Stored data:

━━━━━━━━━━━━━━━━━━━━━━━━━━━━━━

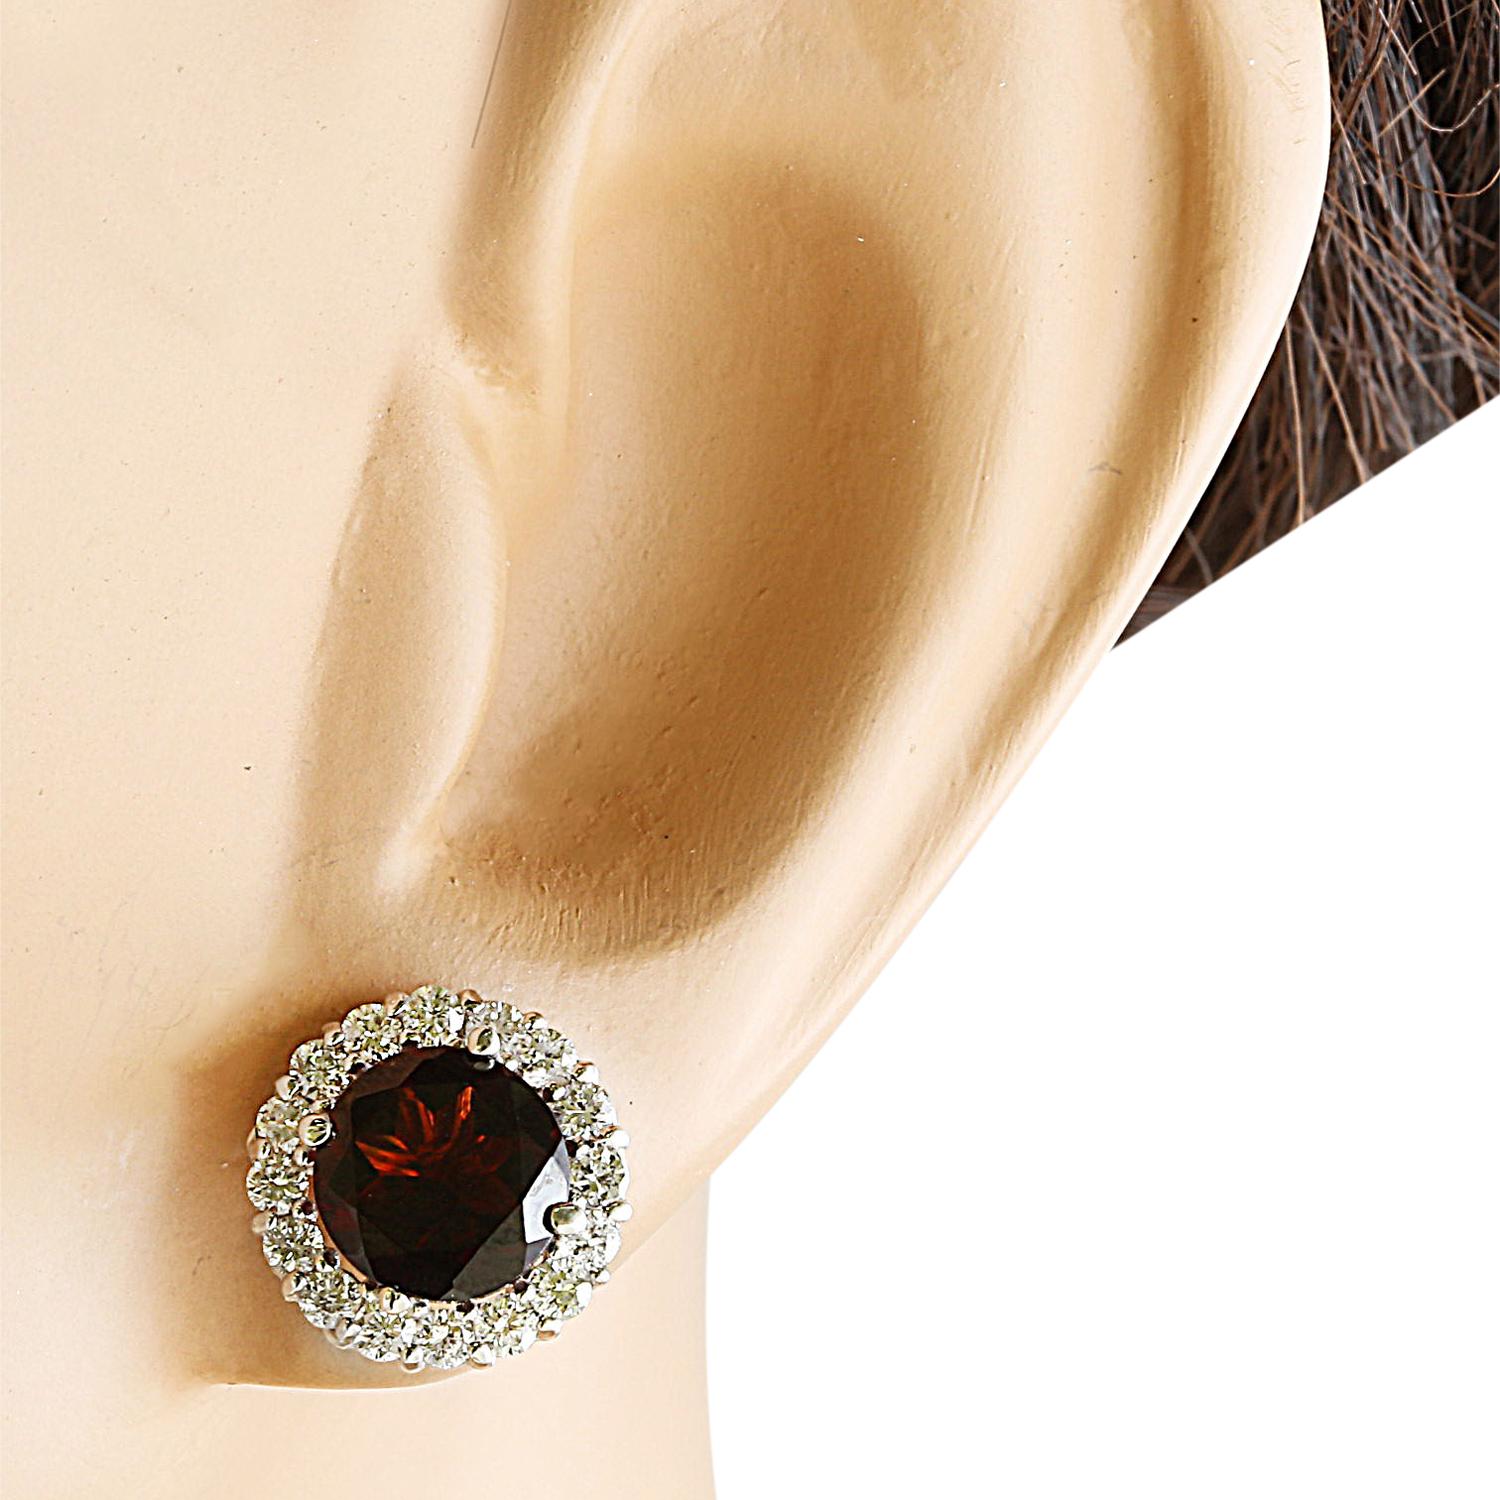 3.65 Carat Natural Garnet 14 Karat Solid White Gold Diamond Earrings
Stamped: 14K 
Total Earrings Weight: 1.5 Grams 
Garnet Weight: 3.00 Carat (7.00x7.00 Millimeters)  
Quantity: 2
Diamond Weight: 0.65 Carat (F-G Color, VS2-SI1 Clarity )
Quantity:
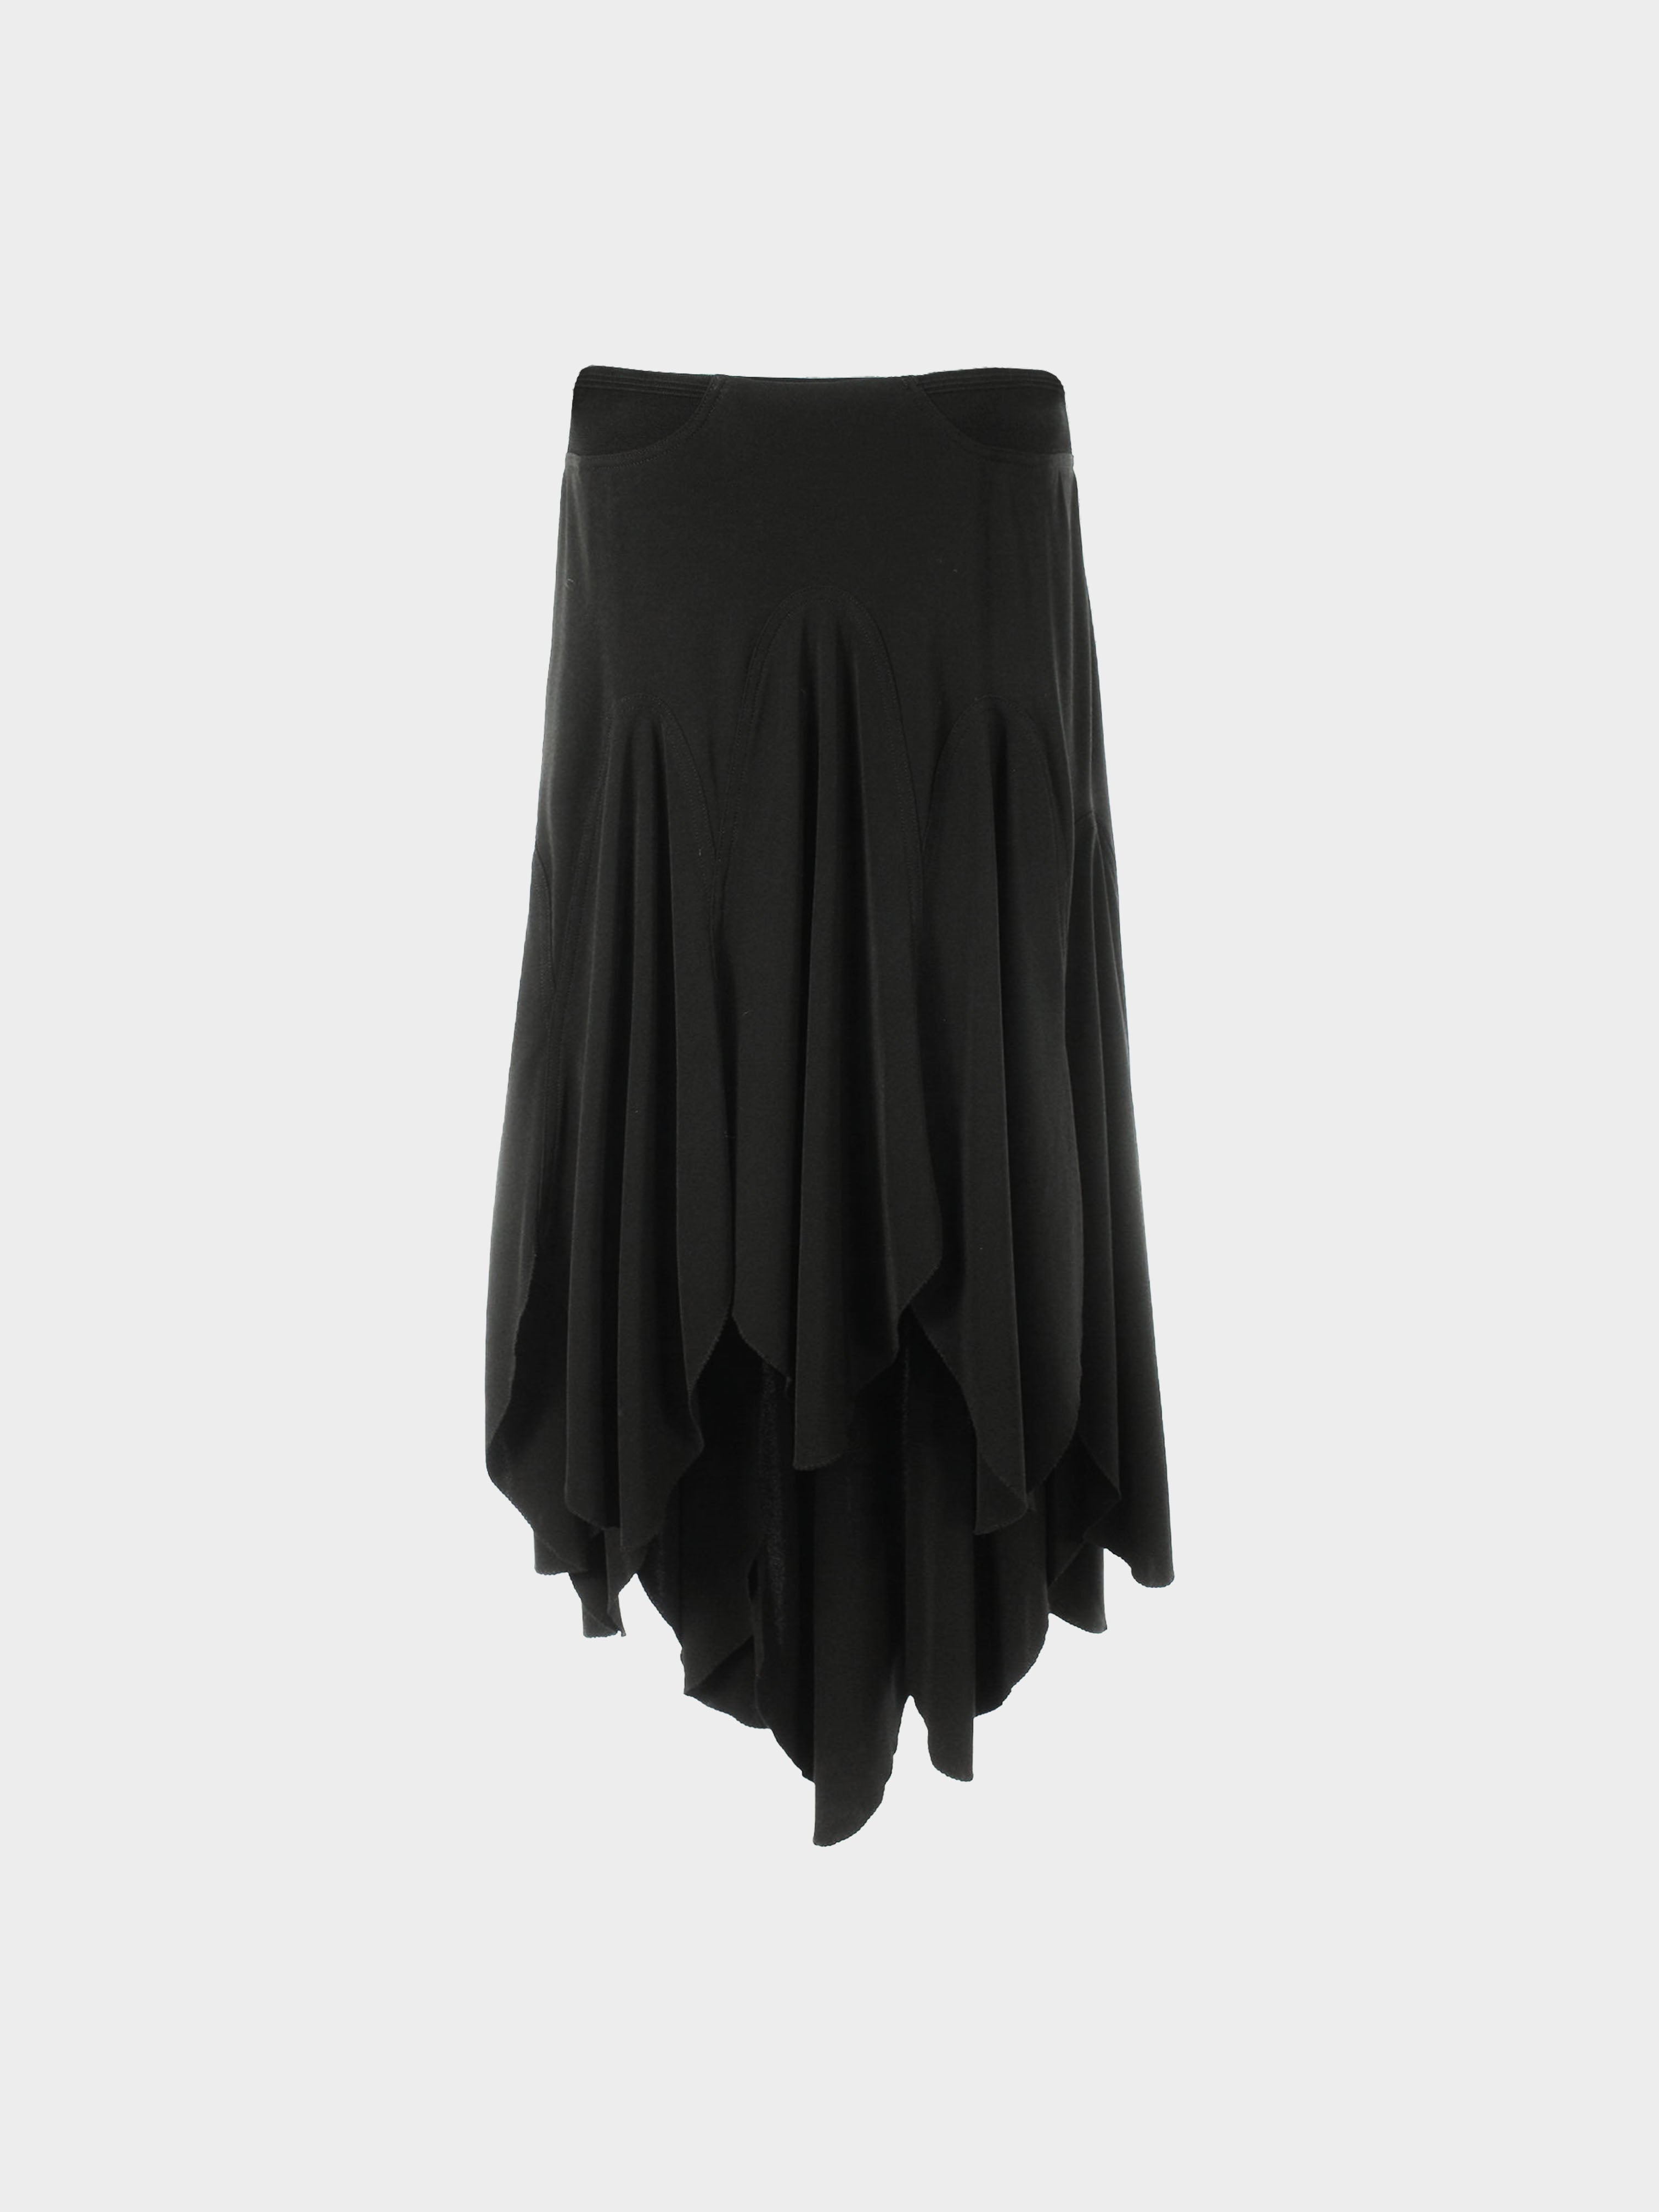 Jean Paul Gaultier 1990s Femme Black Flare Skirt

━━━━━━━━━━━━━━━━━━━━━━━━━━━━━━

About this exercise:
Return, from the data, each line where the string "Weight" occurs.

Answer to this task:
Total Earrings Weight: 1.5 Grams 
Garnet Weight: 3.00 Carat (7.00x7.00 Millimeters)  
Diamond Weight: 0.65 Carat (F-G Color, VS2-SI1 Clarity )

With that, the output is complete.